Using Databricks with Dagster

About this Integration

The dagster-databricks integration library provides the PipesDatabricksClient resource, enabling you to launch Databricks jobs directly from Dagster assets and ops. This integration allows you to pass parameters to Databricks code while Dagster receives real-time events, such as logs, asset checks, and asset materializations, from the initiated jobs. With minimal code changes required on the job side, this integration is both efficient and easy to implement.

Installation

pip install dagster-databricks

Example

Dagster Code

import os
import sys

from dagster_databricks import PipesDatabricksClient

from dagster import AssetExecutionContext, Definitions, EnvVar, asset
from databricks.sdk import WorkspaceClient
from databricks.sdk.service import jobs


@asset
def databricks_asset(
    context: AssetExecutionContext, pipes_databricks: PipesDatabricksClient
):
    task = jobs.SubmitTask.from_dict(
        {
            # The cluster settings below are somewhat arbitrary.
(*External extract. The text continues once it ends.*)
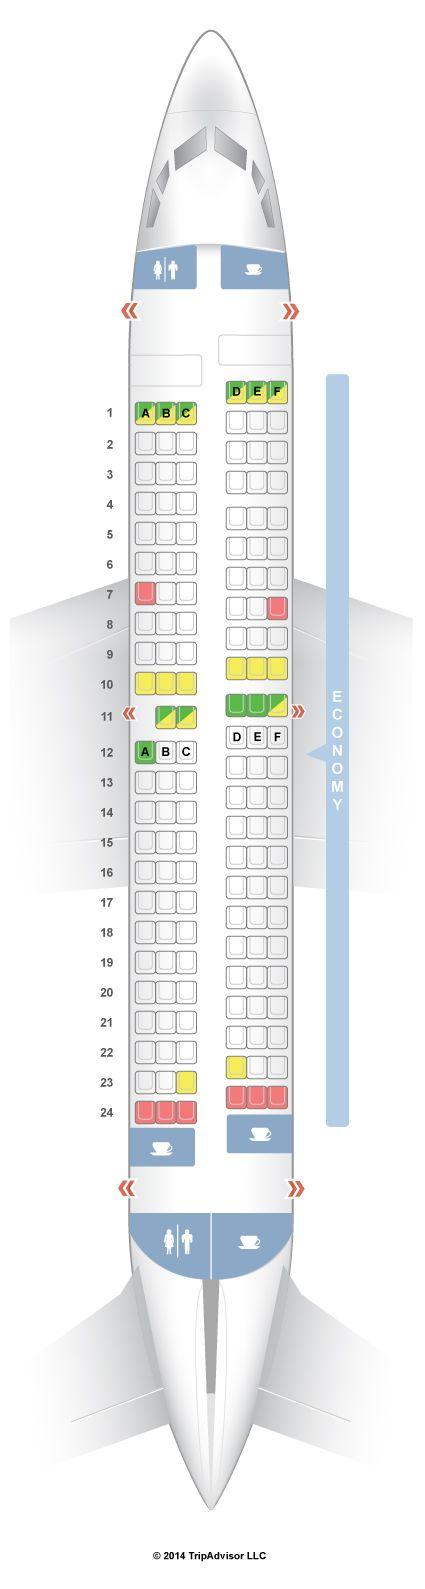 Seatguru Seat Map Southwest Boeing 737 700 737 Seatguru Travel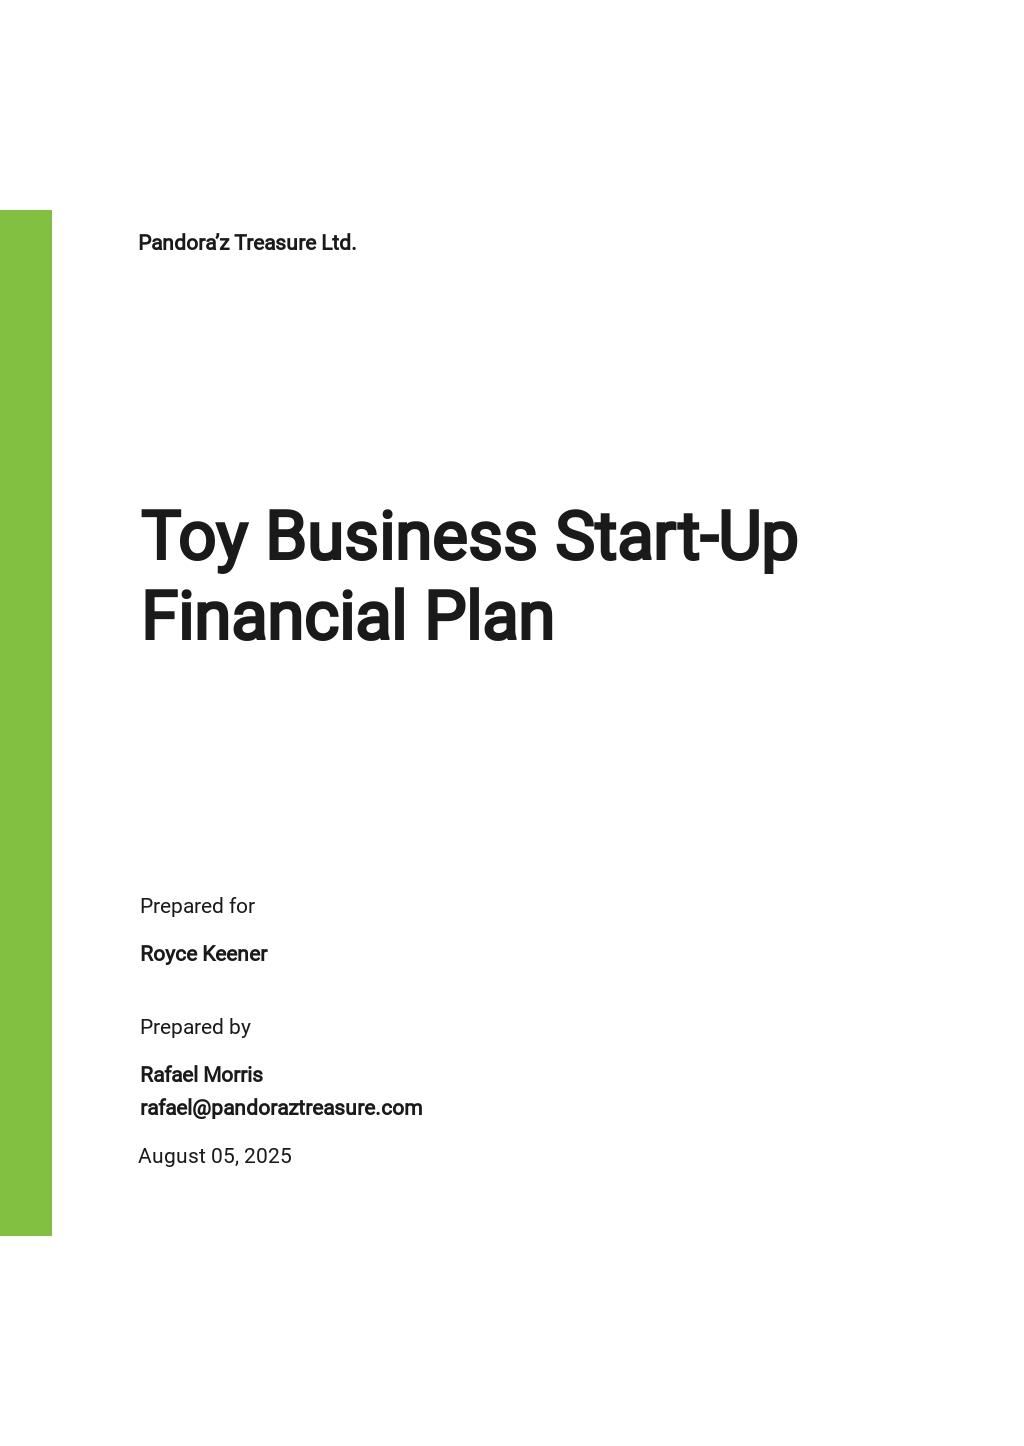 Financial Plan For Start-Up Business Template

Dagster Pipes is
            # not dependent on a specific spark version, node type, or number of
            # workers.
            "new_cluster": {
                "spark_version": "12.2.x-scala2.12",
                "node_type_id": "i3.xlarge",
                "num_workers": 0,
                "cluster_log_conf": {
                    "dbfs": {"destination": "dbfs:/cluster-logs-dir-noexist"},
                },
            },
            "libraries": [
                # Include the latest published version of dagster-pipes on PyPI
                # in the task environment
                {"pypi": {"package": "dagster-pipes"}},
            ],
            "task_key": "some-key",
            "spark_python_task": {
                "python_file": "dbfs:/my_python_script.py",  # location of target code file
                "source": jobs.Source.WORKSPACE,
            },
        }
    )

    print("This will be forwarded back to Dagster stdout")
    print("This will be forwarded back to Dagster stderr", file=sys.stderr)

    extras = {"some_parameter": 100}

    return pipes_databricks.run(
        task=task,
        context=context,
        extras=extras,
    ).get_materialize_result()


pipes_databricks_resource = PipesDatabricksClient(
    client=WorkspaceClient(
        host=os.environ["DATABRICKS_HOST"],
        token=os.environ["DATABRICKS_TOKEN"],
    )
)

defs = Definitions(
    assets=[databricks_asset], resources={"pipes_databricks": pipes_databricks_resource}
)

Databricks Code

from dagster_pipes import (
    PipesDbfsContextLoader,
    PipesDbfsMessageWriter,
    open_dagster_pipes,
)

# Sets up communication channels and downloads the context data sent from Dagster.
# Note that while other `context_loader` and `message_writer` settings are
# possible, it is recommended to use `PipesDbfsContextLoader` and
# `PipesDbfsMessageWriter` for Databricks.
with open_dagster_pipes(
    context_loader=PipesDbfsContextLoader(),
    message_writer=PipesDbfsMessageWriter(),
) as pipes:
    # Access the `extras` dict passed when launching the job from Dagster.
    some_parameter_value = pipes.get_extra("some_parameter")

    # Stream log message back to Dagster
    pipes.log.info(f"Using some_parameter value: {some_parameter_value}")

    # ... your code that computes and persists the asset

    # Stream asset materialization metadata and data version back to Dagster.
    # This should be called after you've computed and stored the asset value. We
    # omit the asset key here because there is only one asset in scope, but for
    # multi-assets you can pass an `asset_key` parameter.
    pipes.report_asset_materialization(
        metadata={
            "some_metric": {"raw_value": some_parameter_value + 1, "type": "int"}
        },
        data_version="alpha",
    )

About Databricks

Databricks is a unified data analytics platform that simplifies and accelerates the process of building big data and AI solutions. It integrates seamlessly with Apache Spark and offers support for various data sources and formats. Databricks provides robust tools to create, run, and manage data pipelines, making it easier to handle complex data engineering tasks. Its collaborative and scalable environment is ideal for data engineers, scientists, and analysts who need to process and analyze large datasets efficiently.